## TASK DESCRIPTION
Your task is to transcribe the data exactly while omitting each picture.
Start of DATA SHOWN
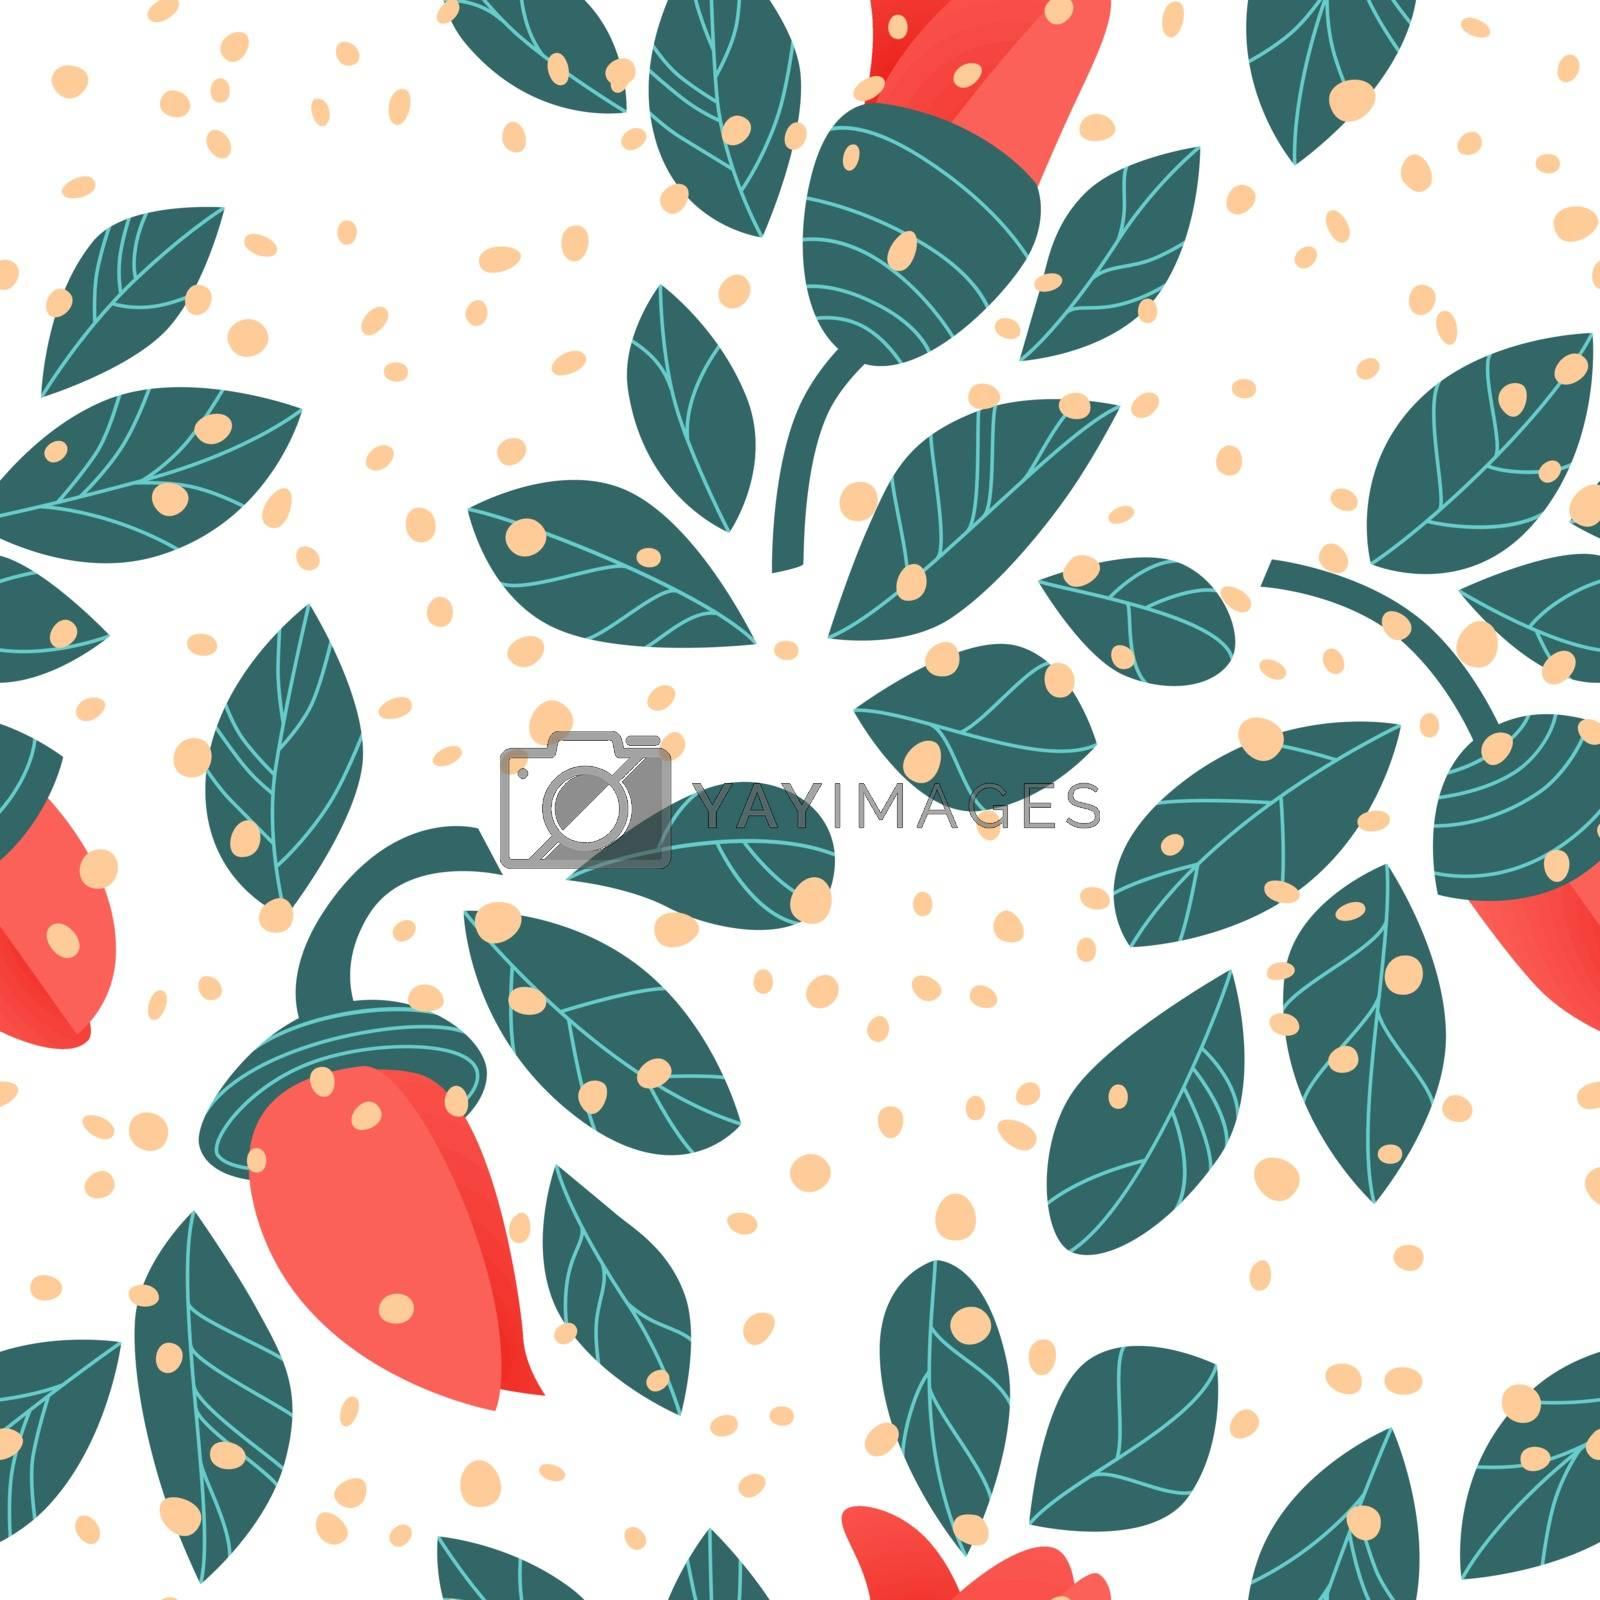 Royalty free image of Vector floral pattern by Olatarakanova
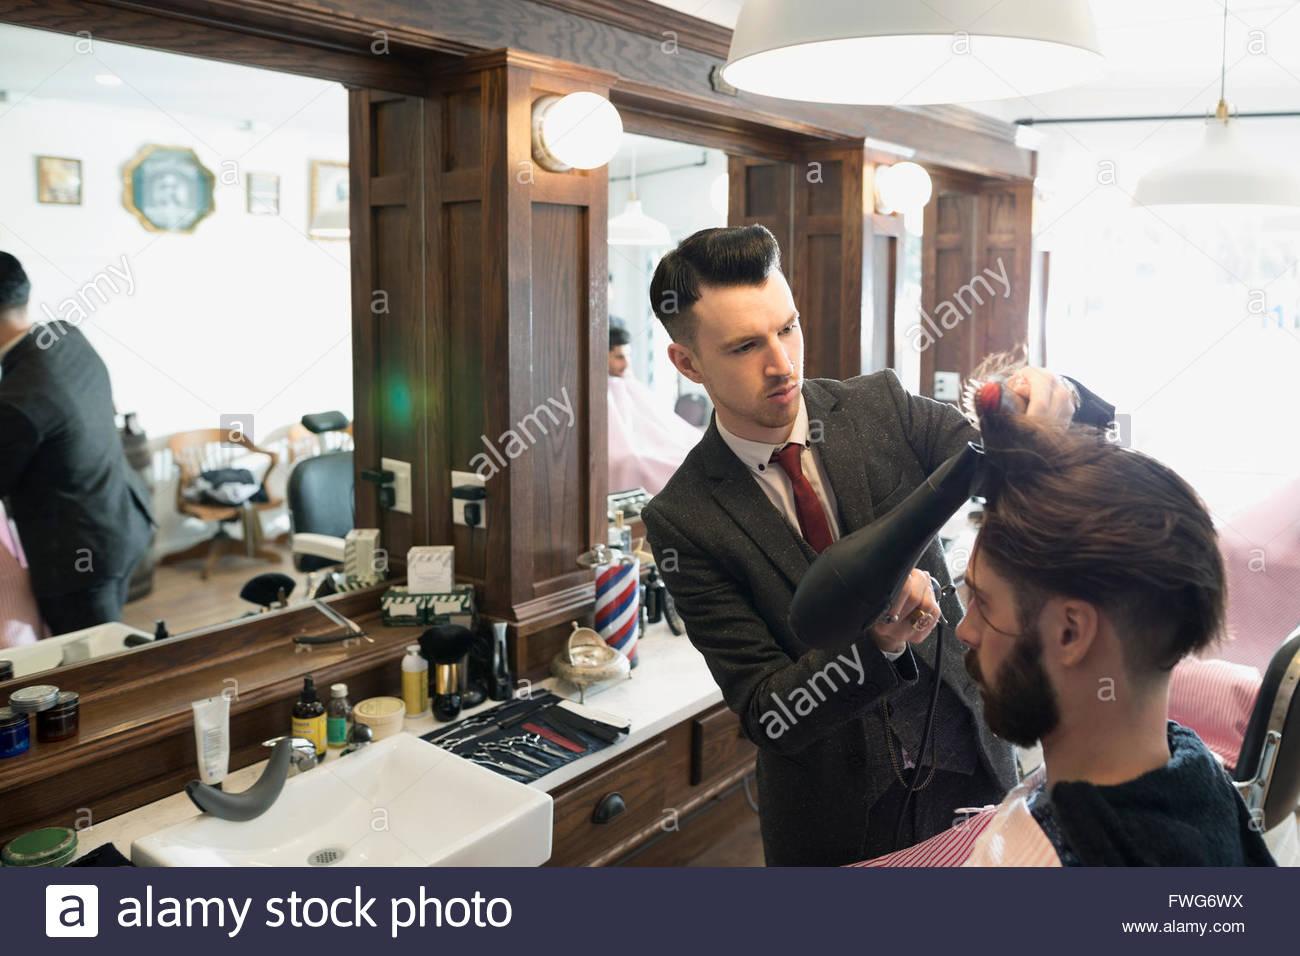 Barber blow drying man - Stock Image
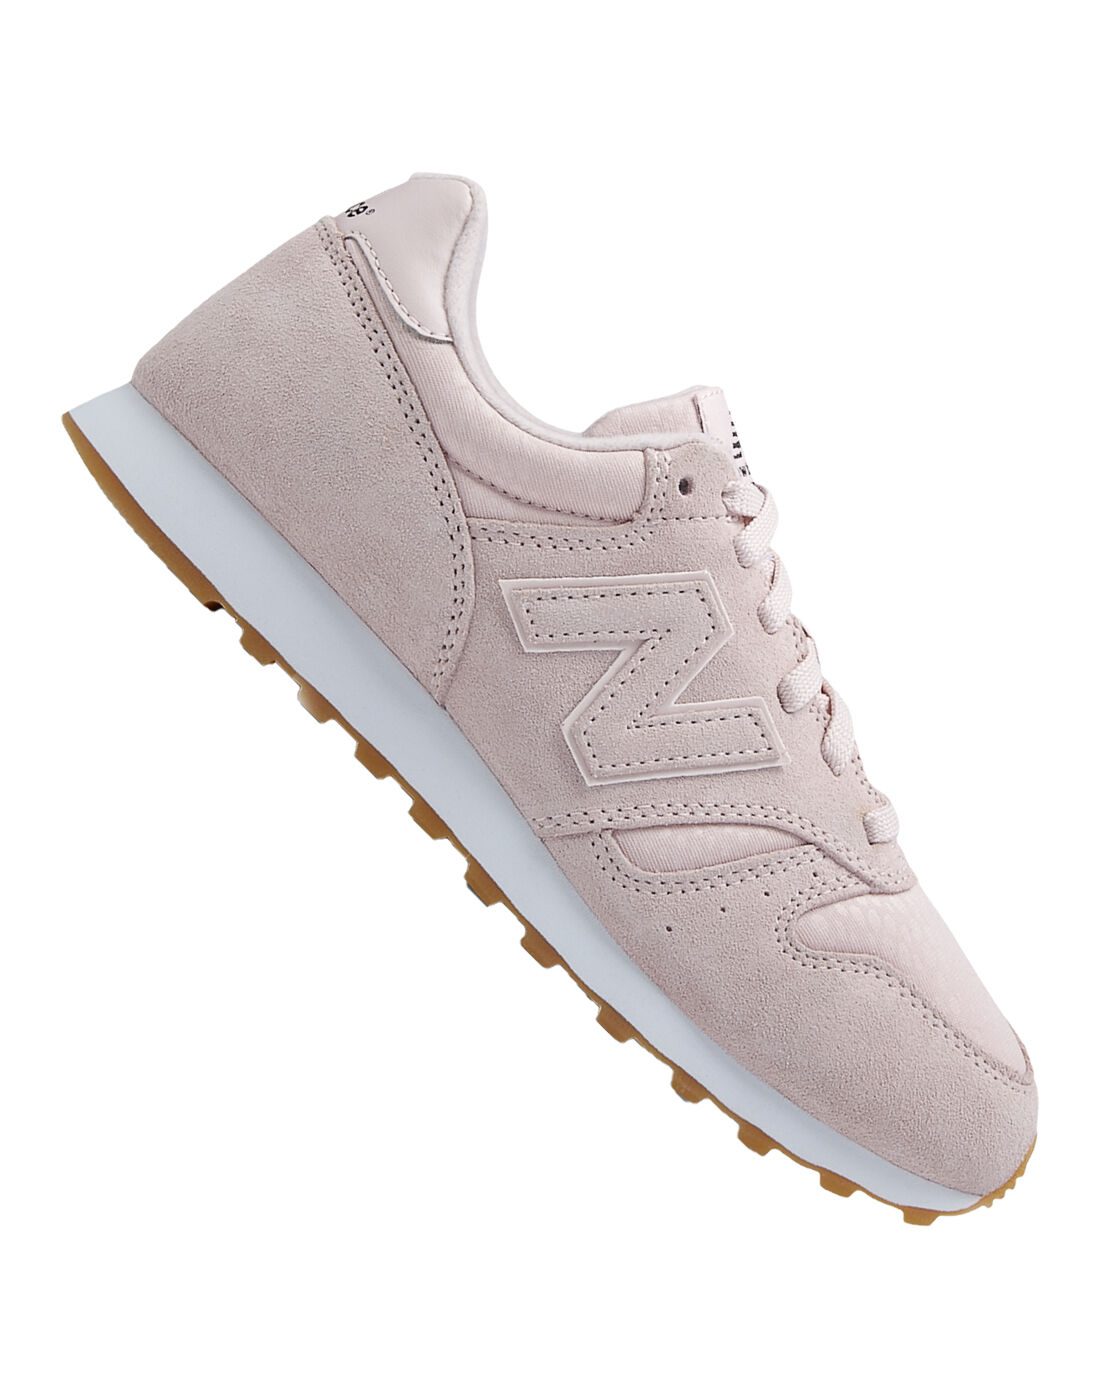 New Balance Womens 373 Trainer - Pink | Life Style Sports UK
End of DATA SHOWN
## EXPECTED ANSWER
 Royalty free image of Vector floral pattern by Olatarakanova
 Barber blow drying man - Stock Image
 New Balance Womens 373 Trainer - Pink | Life Style Sports UK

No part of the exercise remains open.